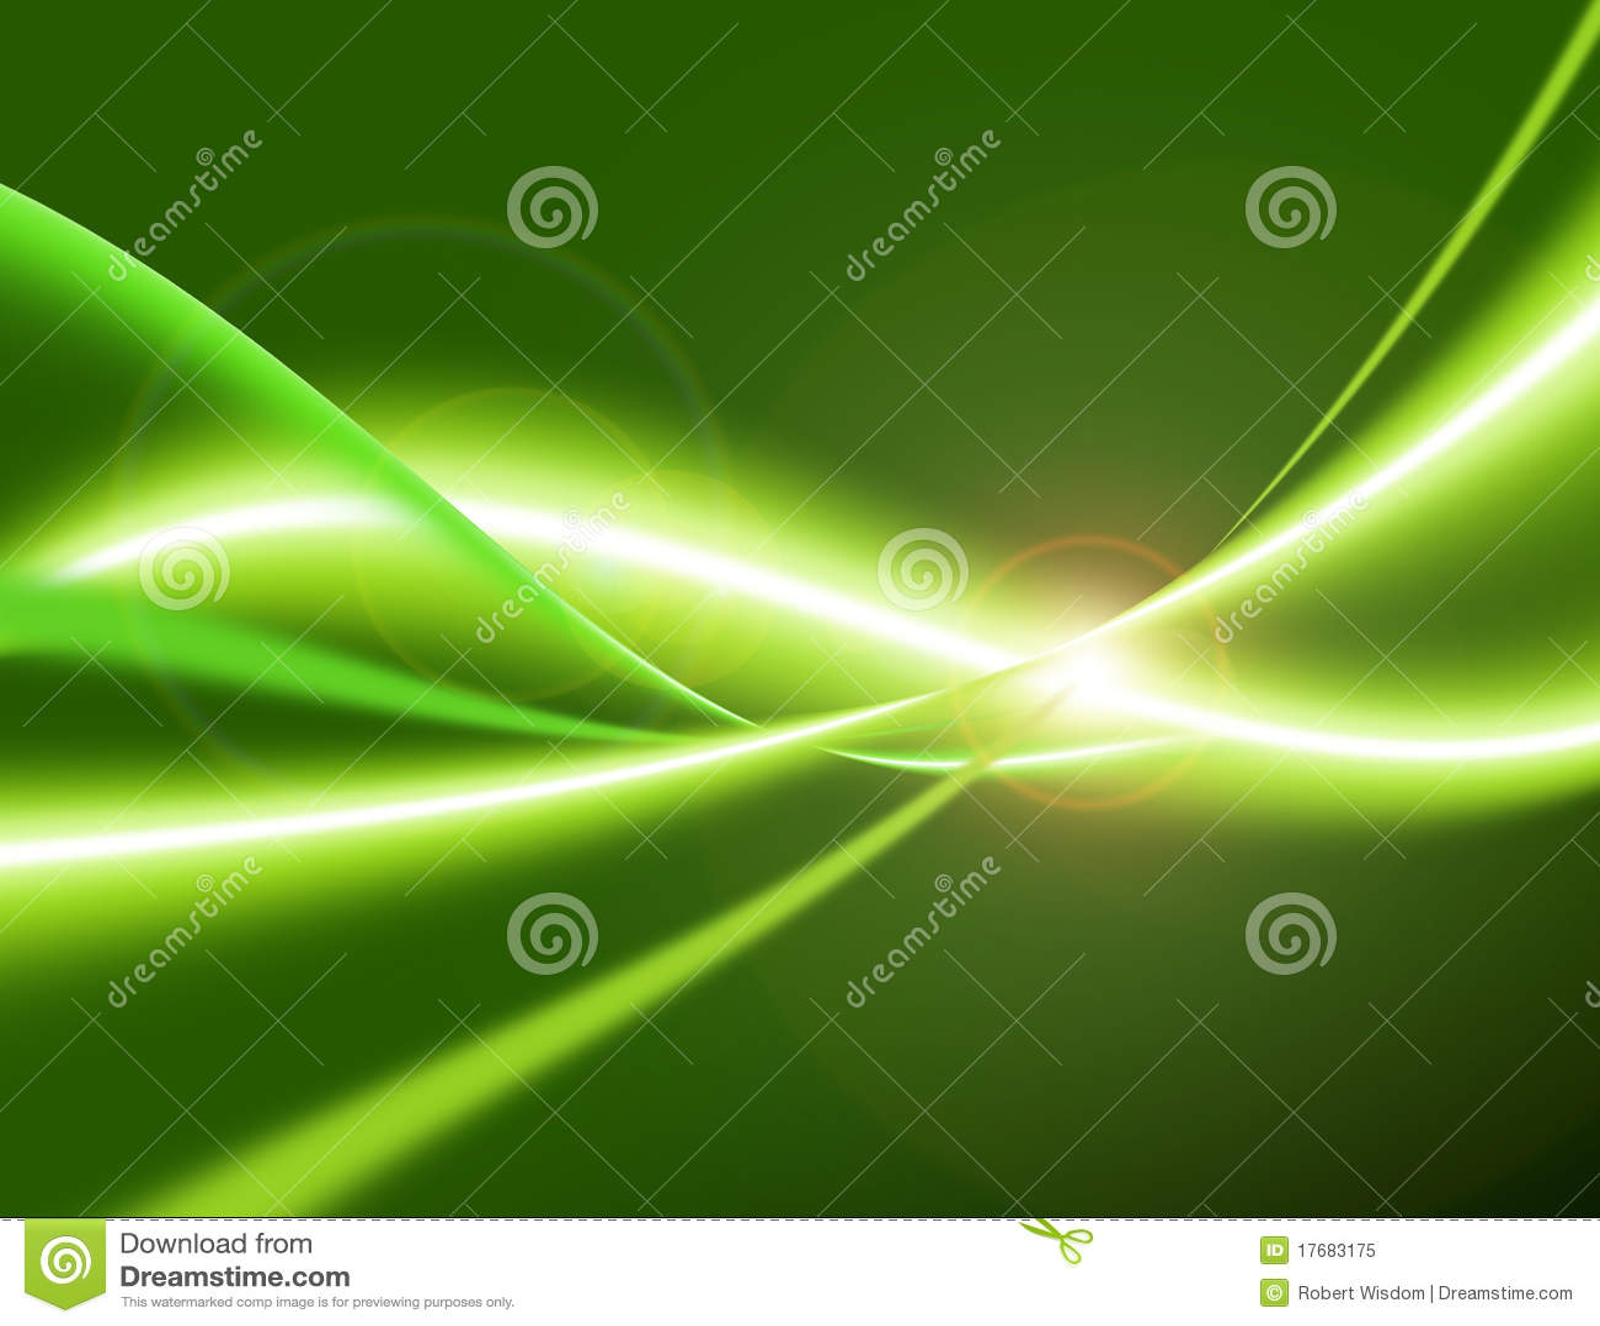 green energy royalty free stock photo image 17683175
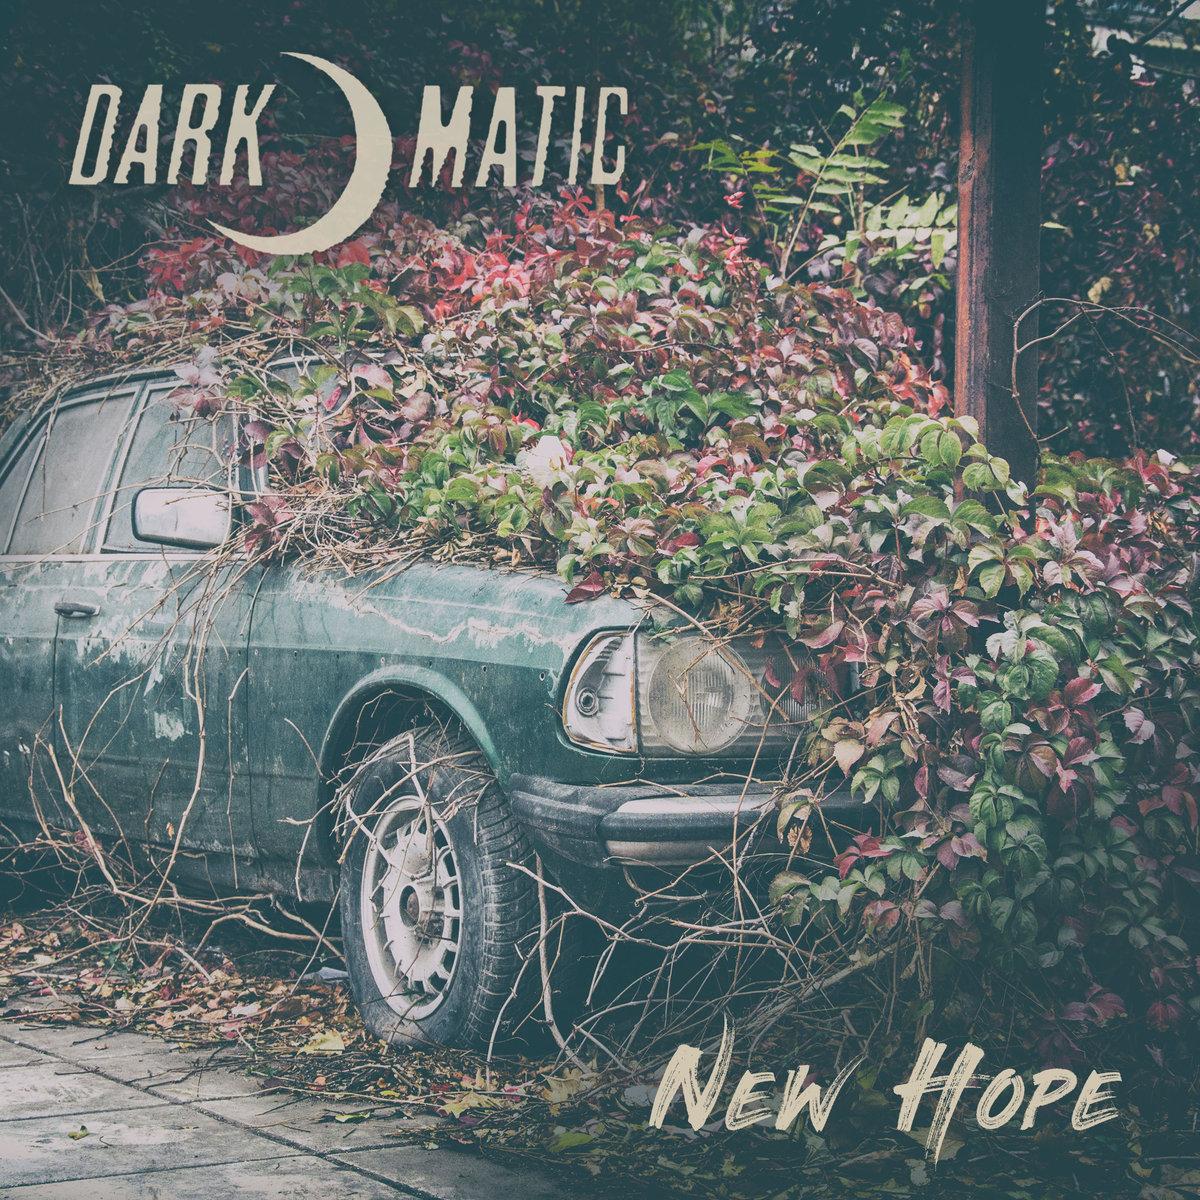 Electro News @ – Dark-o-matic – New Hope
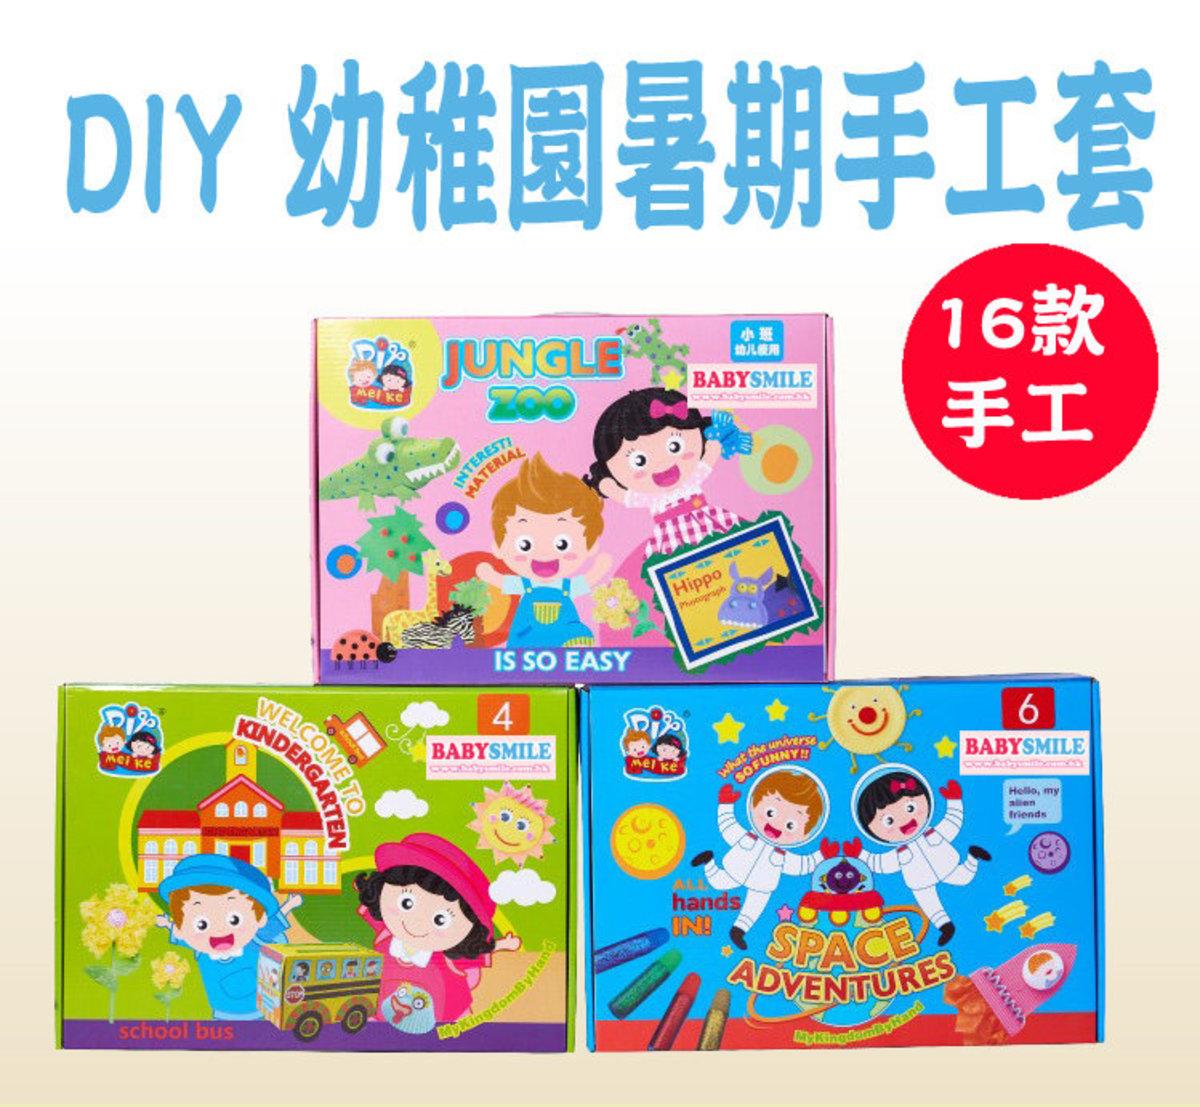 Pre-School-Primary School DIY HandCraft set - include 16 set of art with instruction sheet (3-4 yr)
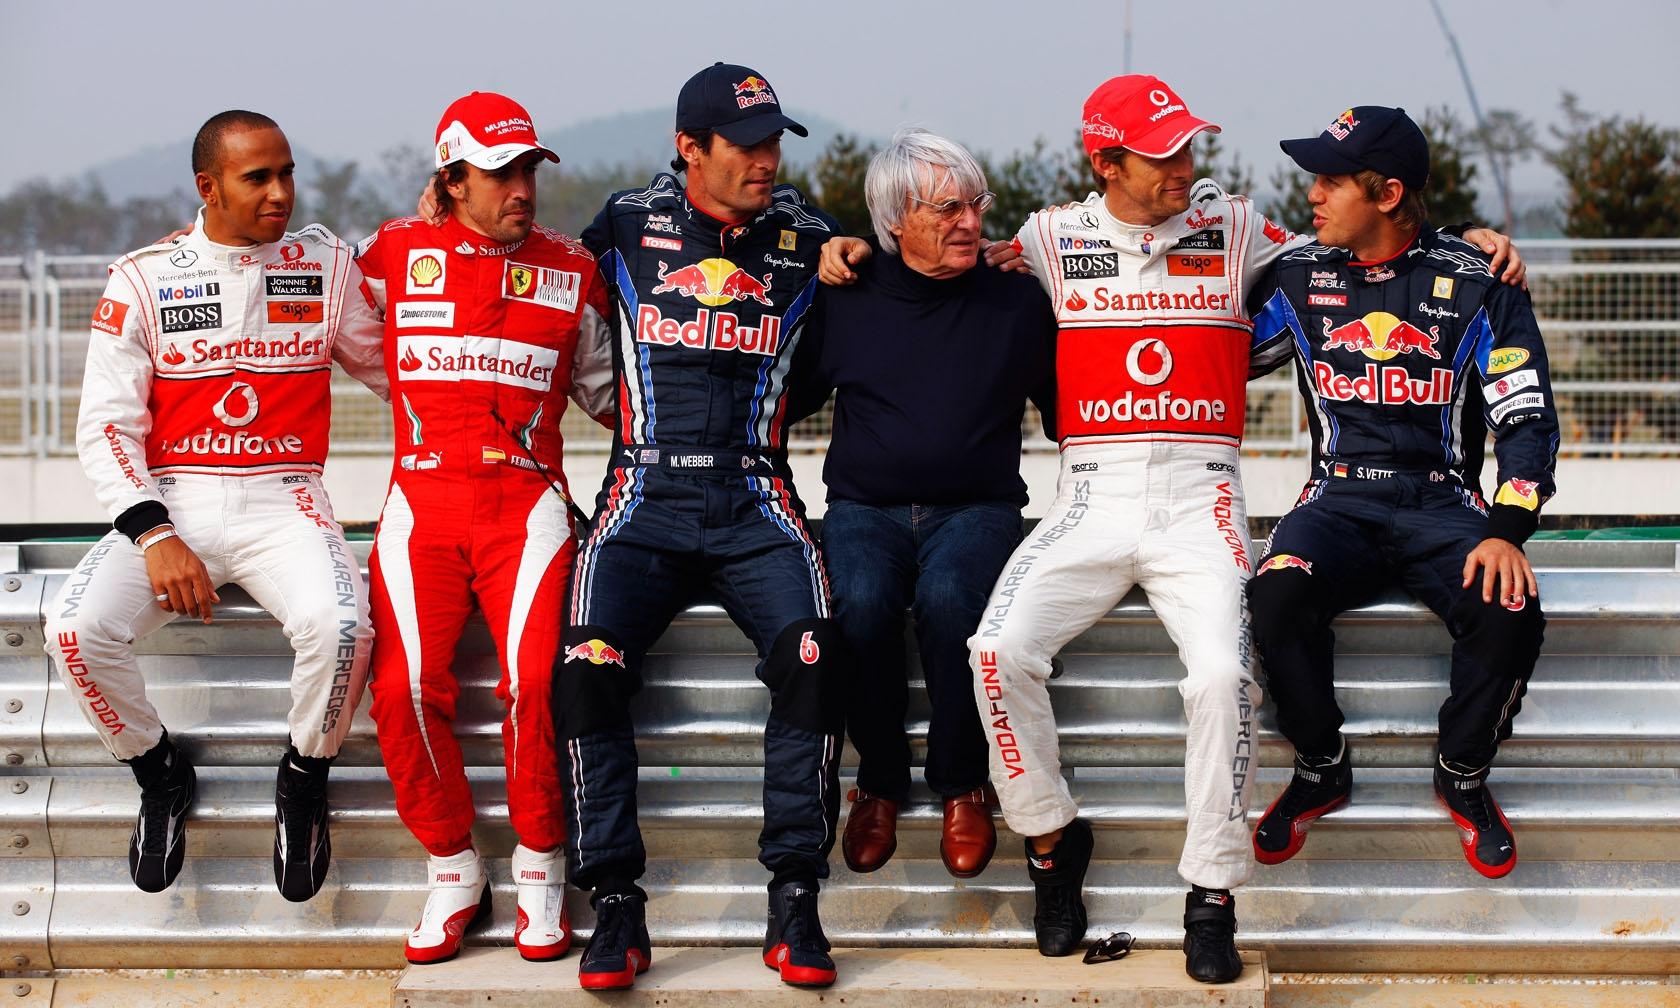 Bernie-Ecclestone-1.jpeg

» **To do**
Each line above has to be returned exactly. Drop the pictures.

» **Reply**
 green energy royalty free stock photo image 17683175
 Electro News @ – Dark-o-matic – New Hope
 Pre-School-Primary School DIY HandCraft set - include 16 set of art with instruction sheet (3-4 yr)
 Bernie-Ecclestone-1.jpeg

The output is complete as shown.